Or any good chess reviewer?
yes, L can contain $t$, but what we should say is that you can always choose an L which doesnt contain $t$ if you have time homogeneity
same thing would apply to $x$ as well. you can always choose an L without $x$ and you would have space homogeneity
:D
12:11 PM
no, if you throw away x from 1/2mv2+x, the EoM becomes different
if u throw away t from 1/2mv2 + t, the EoM is the same
because functions of only t are always a total derivative term
my point is time homogeneity doesn't imply that L can't contain t
then it's true. total derivative terms of time can be there
then why does landau say again that time homogeneity implies L can't contain t
another mistake ?
because Landau doesnt want to go into technical details. he is giving you an intuitive motivation :P
i think i got better proof why L can't contain t :P
12:19 PM
how can you prove something that's wrong? :P
you just yourself gave the counter example
$\frac{d}{dt}(\displaystyle\sum_i \dot q \frac{\partial L}{\partial \dot q} - L) = -\frac{\partial L}{\partial t}$
This is energy conservation principle
if L depends on t, rhs will be non-zero
which means energy is not conserved
lhs is energy :P
and for freely moving particle, energy must be conserved
which means L can't contain t
WDYT ?
hmm
there should be something wrong here
I don't think so
because 1/2mv2+ g(t) does give you the dynamics of a free particle
the rhs is indeed non-zero for this
it gives you dynamics, but tells you nothing about energy conservation
if you use EL, ok, you got E.O.M the same
but that doesn't mean energy must be conserved along the path
I think this is better proof than using time homogeneity
12:24 PM
ok so the rhs actually cancels out anyway
calculate lhs for 1/2mv2+g(t)
@GiorgiLagidze Energy is not special, just like with any other Noether charge you need to use the proper formula when the symmetry is a quasi-symmetry
just plug this lagrangian into your eqn, you will get energy conservation
@GiorgiLagidze we get d/dt (mv2-1/2mv2-g(t))=-d/dt g(t)

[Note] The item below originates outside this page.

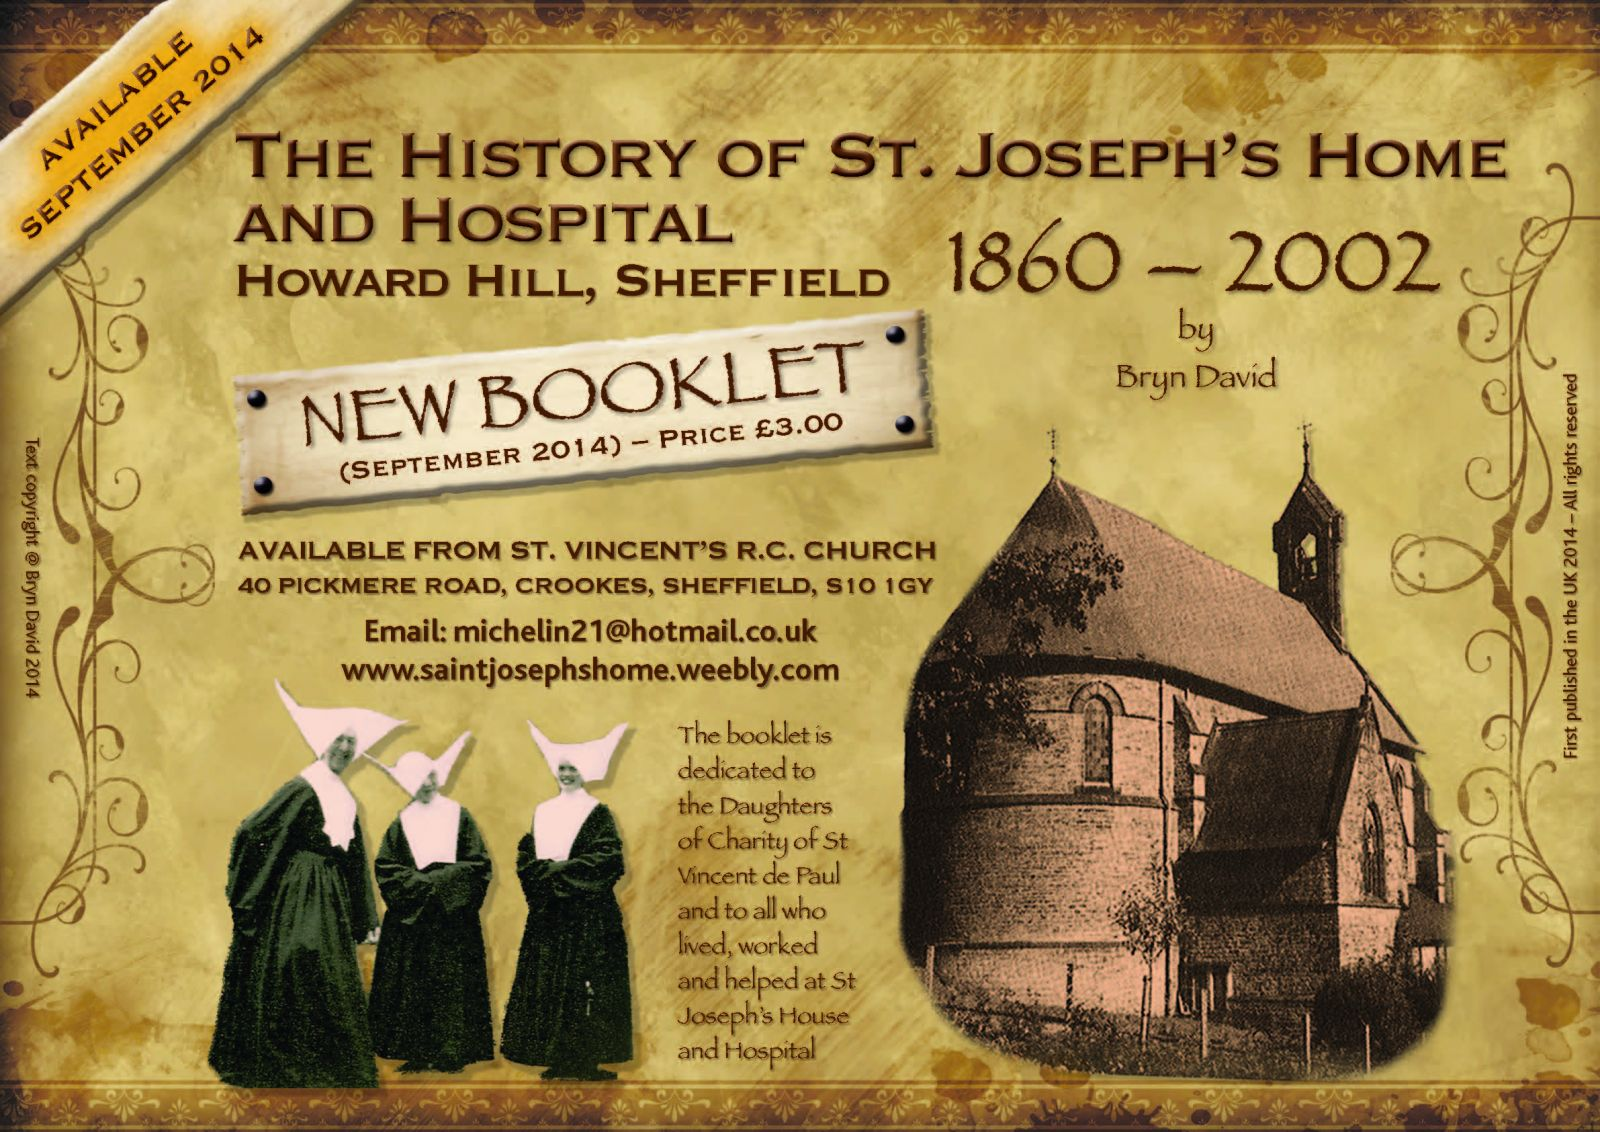 St. Joseph's Home & Hospital : 1860 - 2002
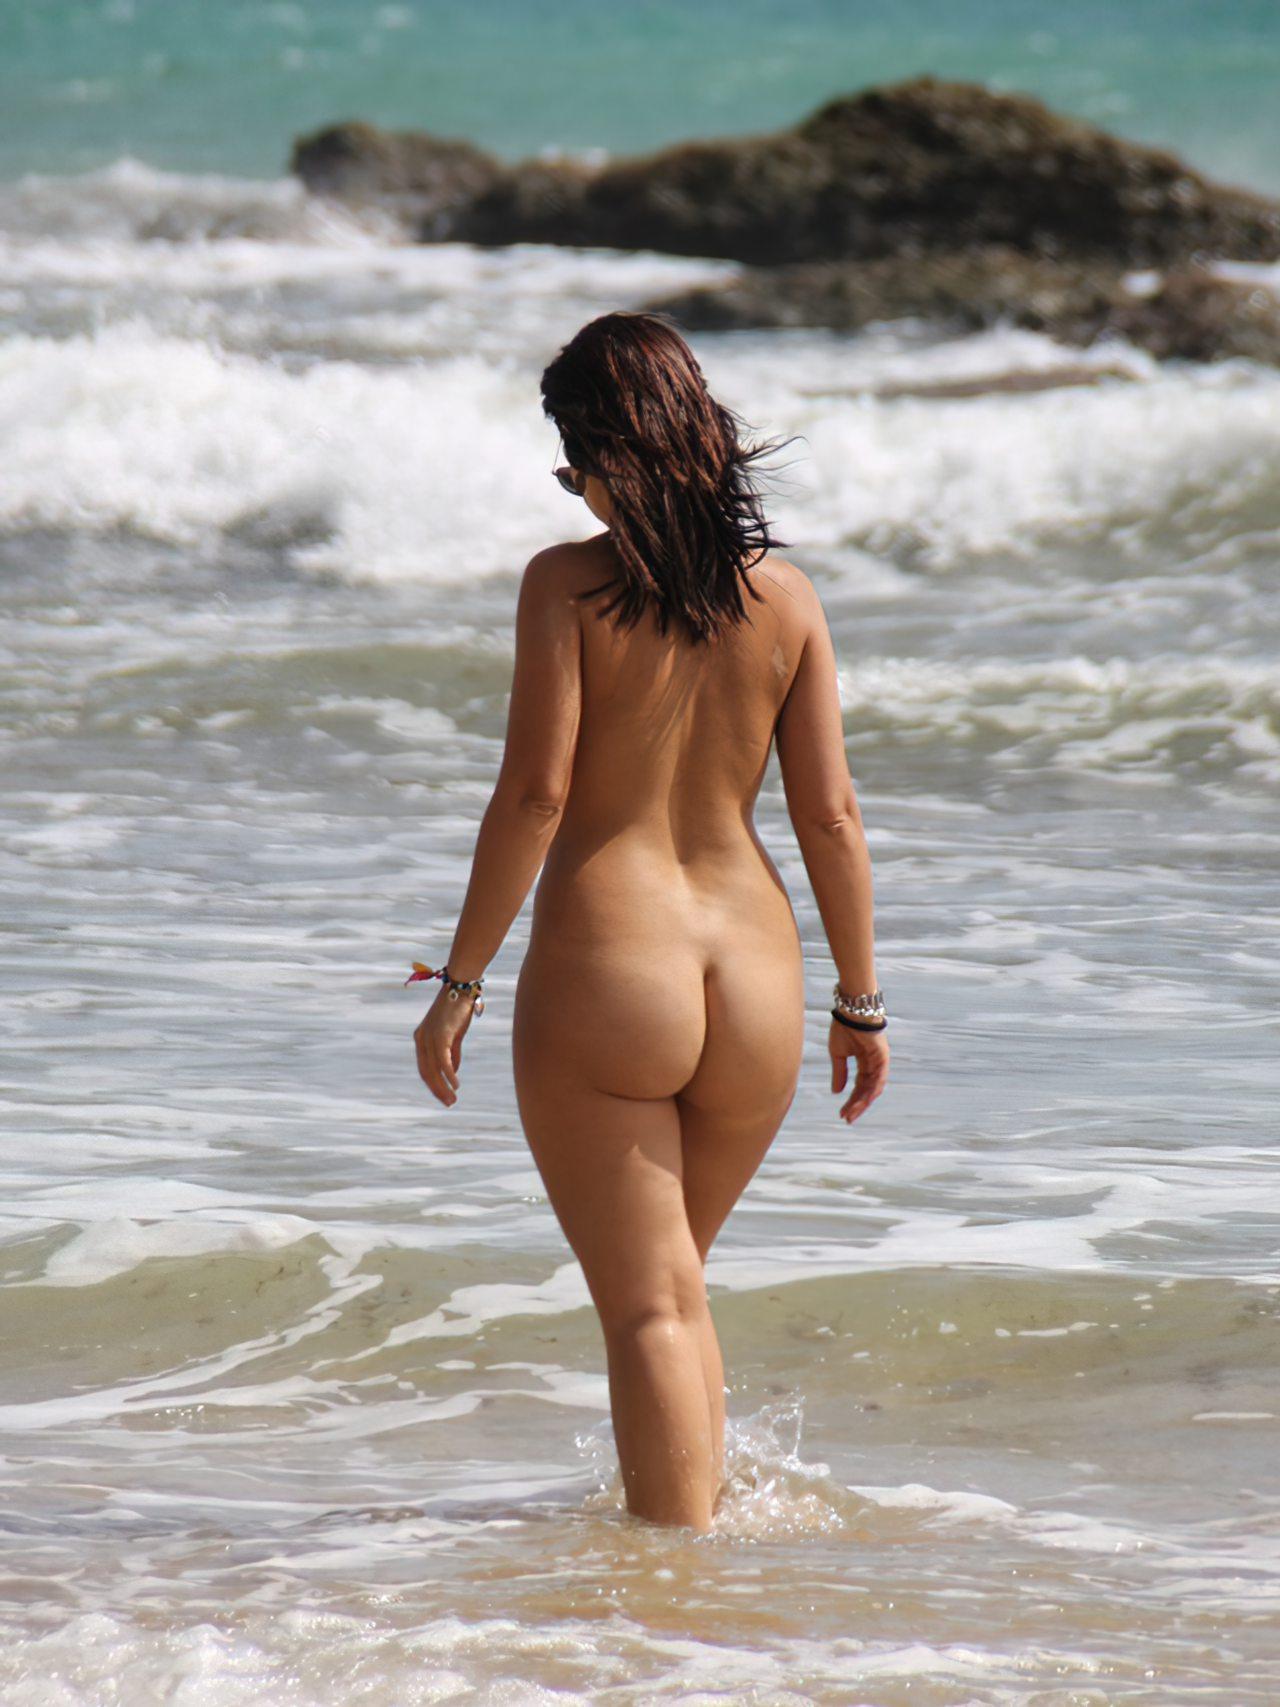 nude polanesian girls free pics

$\frac{d}{dt}(\dot q m\dot q - \frac{1}{2}m\dot q^2 - g(t)) = -\frac{\partial g(t)}{\partial t}$
yes so d/dt(g(t)) cancles out
giving u d/dt (1/2mv2)=0
hm. true, but where is the mistake in my argument ? it's proved that $\dot q \frac{\partial L}{\partial \dot q} - L$ is the energy we know
12:27 PM
@GiorgiLagidze where is that proved?
like ACuriousMind said, this formula needs to be modified to get the energy in case of quasi symmetries in time
Since you can add arbitrary total time derivatives to the Lagrangian this is not always the energy
it's just usually what we mean by energy, but properly energy is the Noether charge of time translation, not that specific expression (and again that expression gets modified when time translation is a quasi-symmetry)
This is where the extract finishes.